Task-specific architecture
The 'attention-free' MLP architecture, which greatly improved performance on Sudoku-Extreme, performed poorly on tasks requiring larger context lengths like Maze-Hard and ARC-AGI, indicating its benefits are not universal. This limits the general applicability of some of the proposed architectural simplifications.
Lack of theoretical explanation for recursion's effectiveness
The paper acknowledges that while recursion improves performance, the specific theoretical reasons why it helps so much compared to simply using a larger or deeper network are not fully understood, suggesting a gap in fundamental understanding.

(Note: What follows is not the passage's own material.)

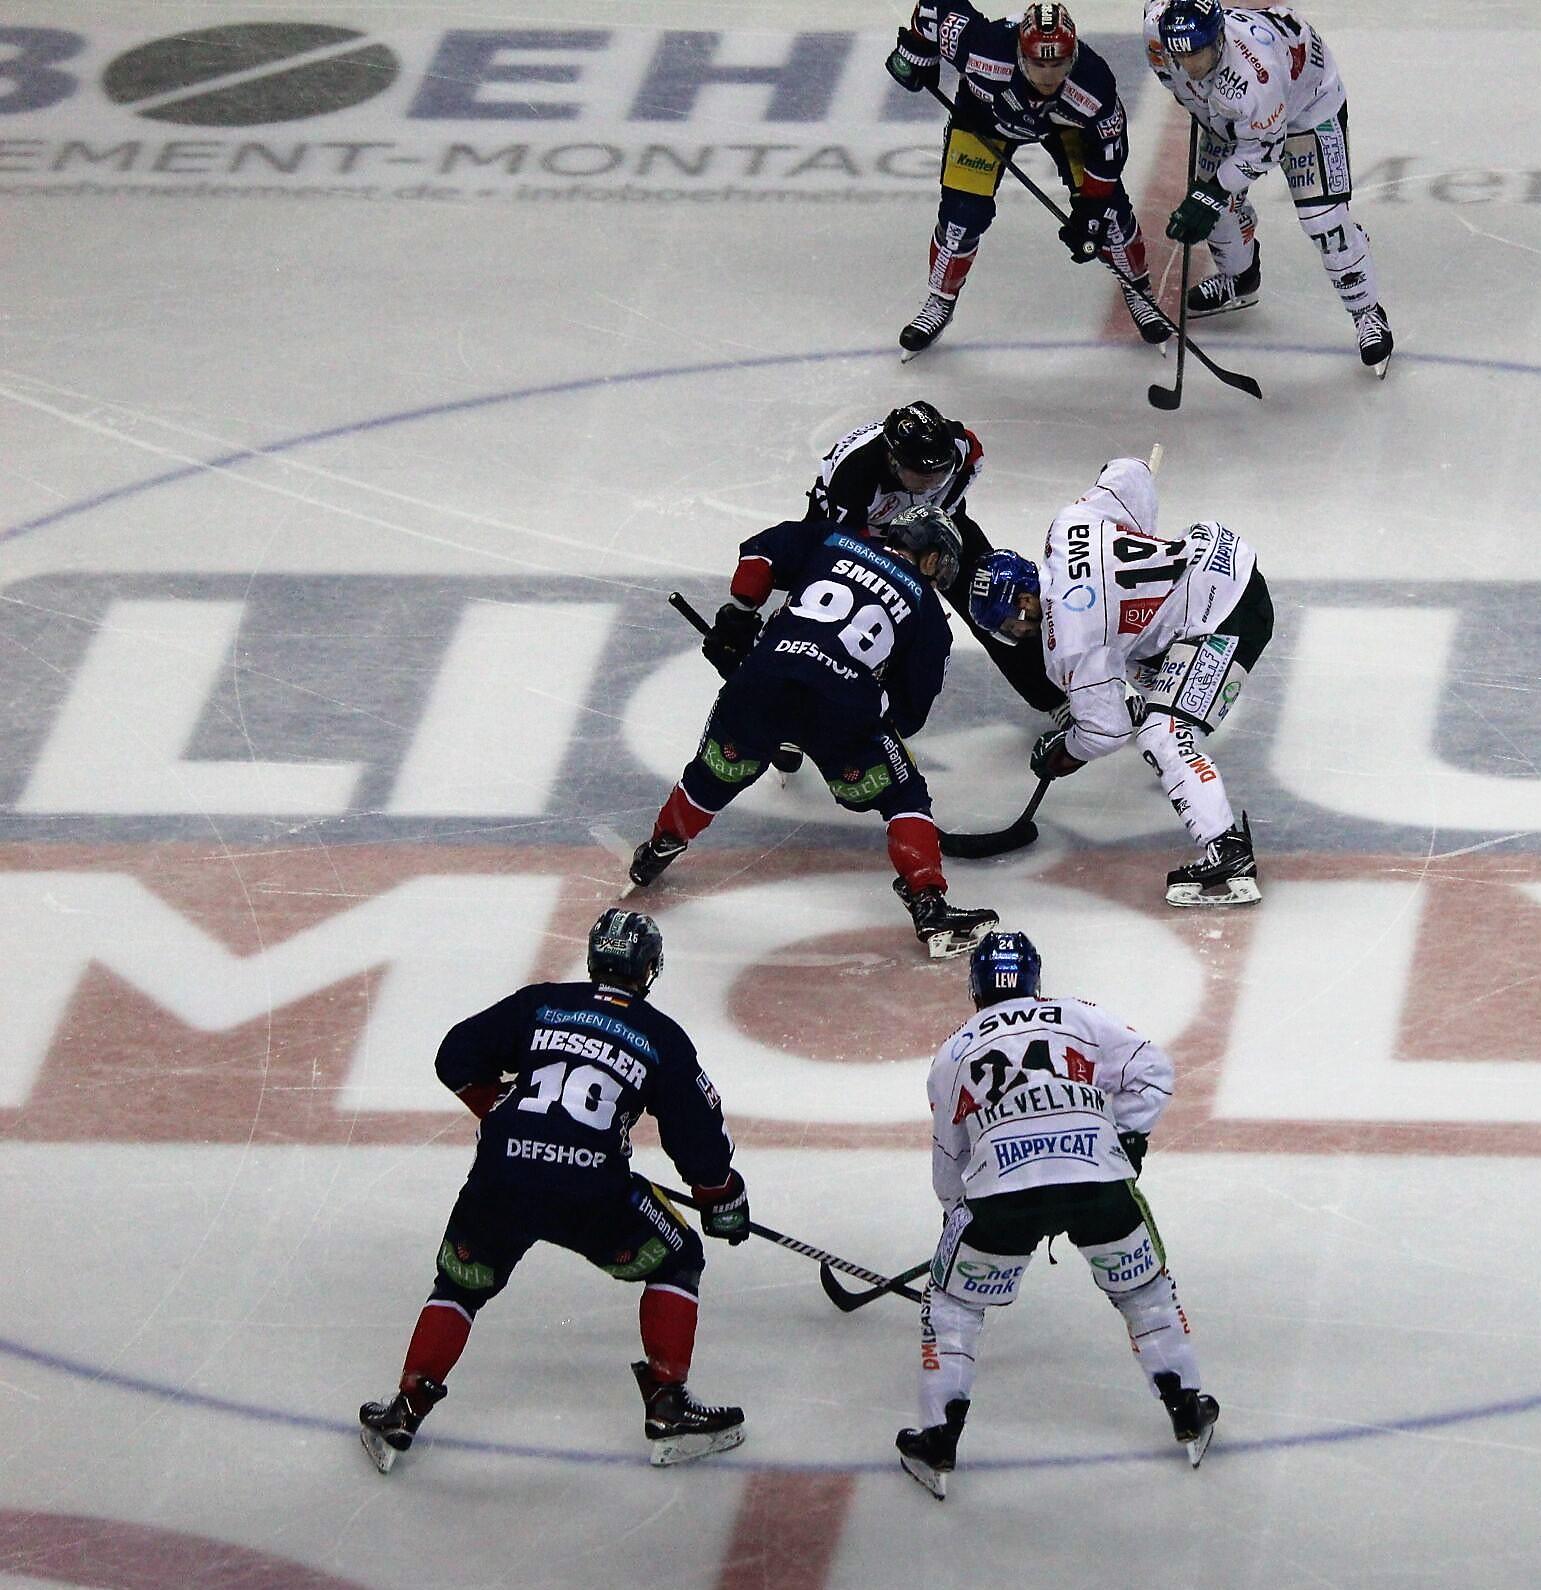 Eisbären verlieren gegen Augsburg und rutschen weiter ab
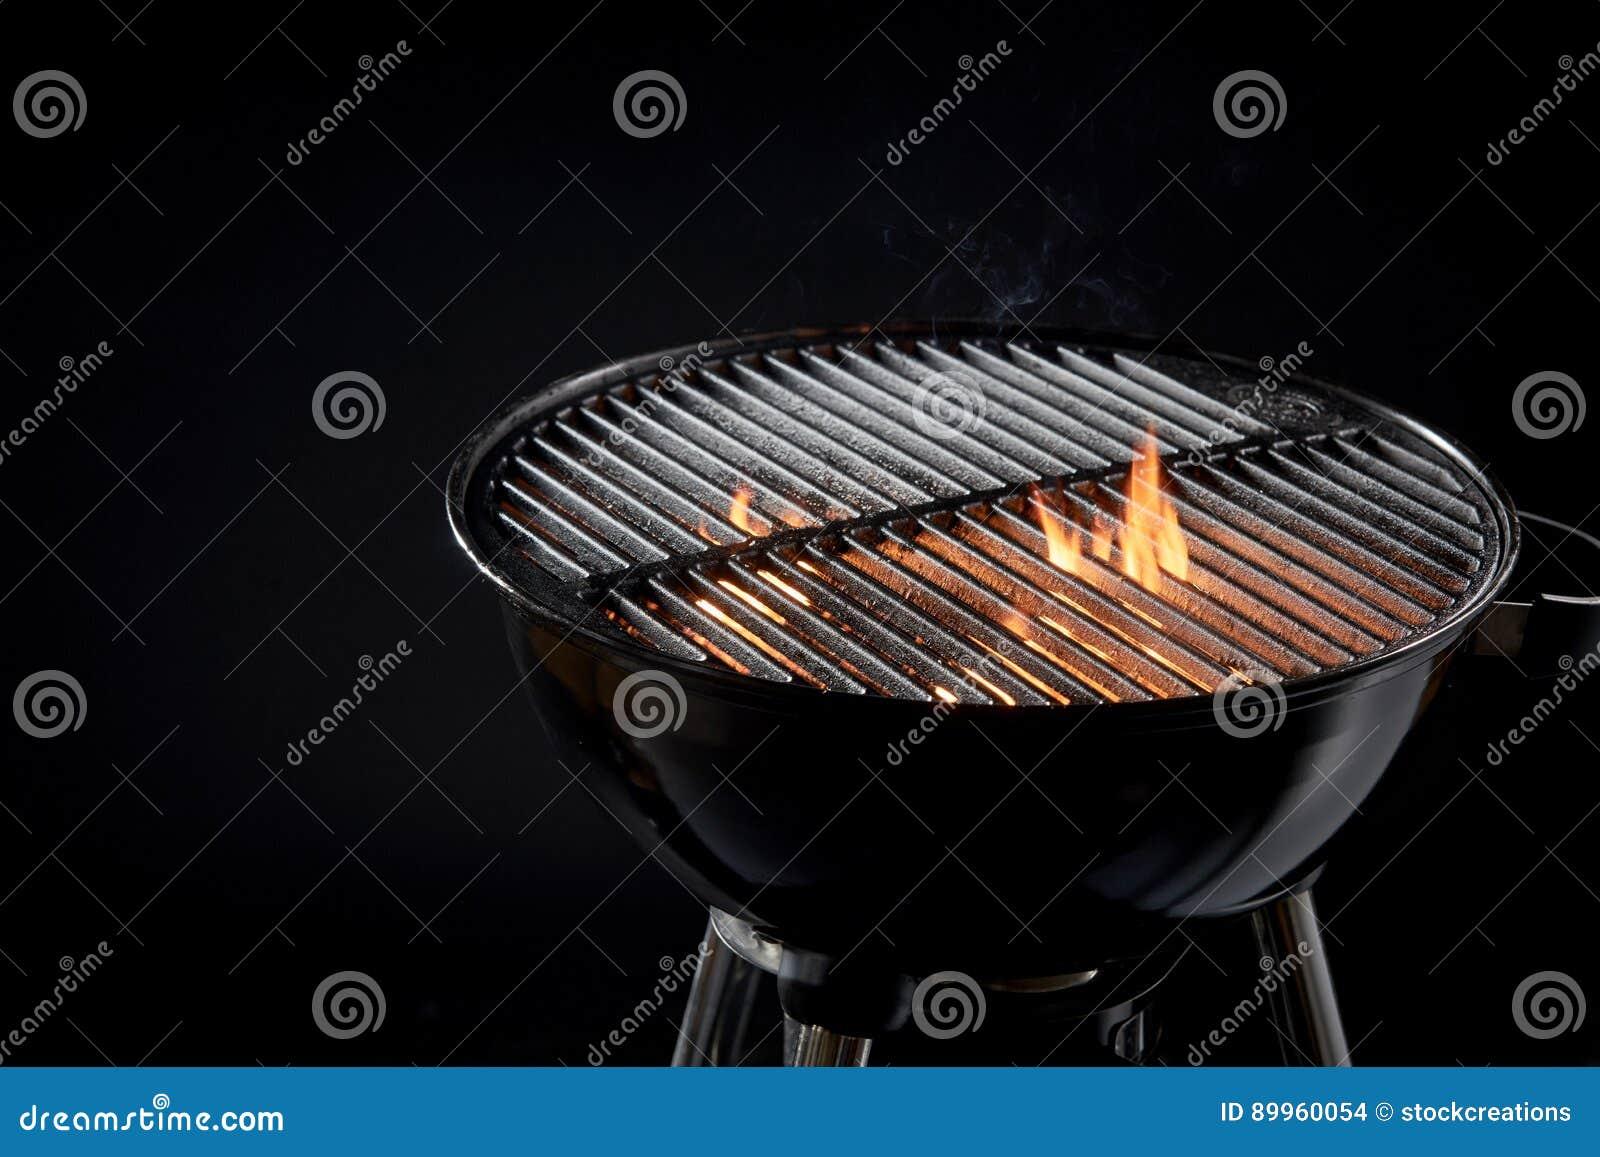 Fogo quente do assado com os carvões de incandescência prontos para cozinhar

Reliance on heavy data augmentation
The improved generalization on small datasets like Sudoku-Extreme, Maze-Hard, and ARC-AGI heavily relies on extensive data augmentation (e.g., 1000 shufflings/transformations per example), which might obscure the model's intrinsic generalization capabilities without such preprocessing.
TRM, like HRM, is a supervised learning method that provides a single deterministic answer. It cannot handle generative tasks or scenarios where multiple correct answers exist, which limits its applicability in broader AI challenges.
Limited resources for extensive testing
The authors note that 'more recursions could be helpful for harder problems (we have not tested it, given our limited resources),' suggesting that the optimal number of recursions and its impact on very complex problems might not have been fully explored.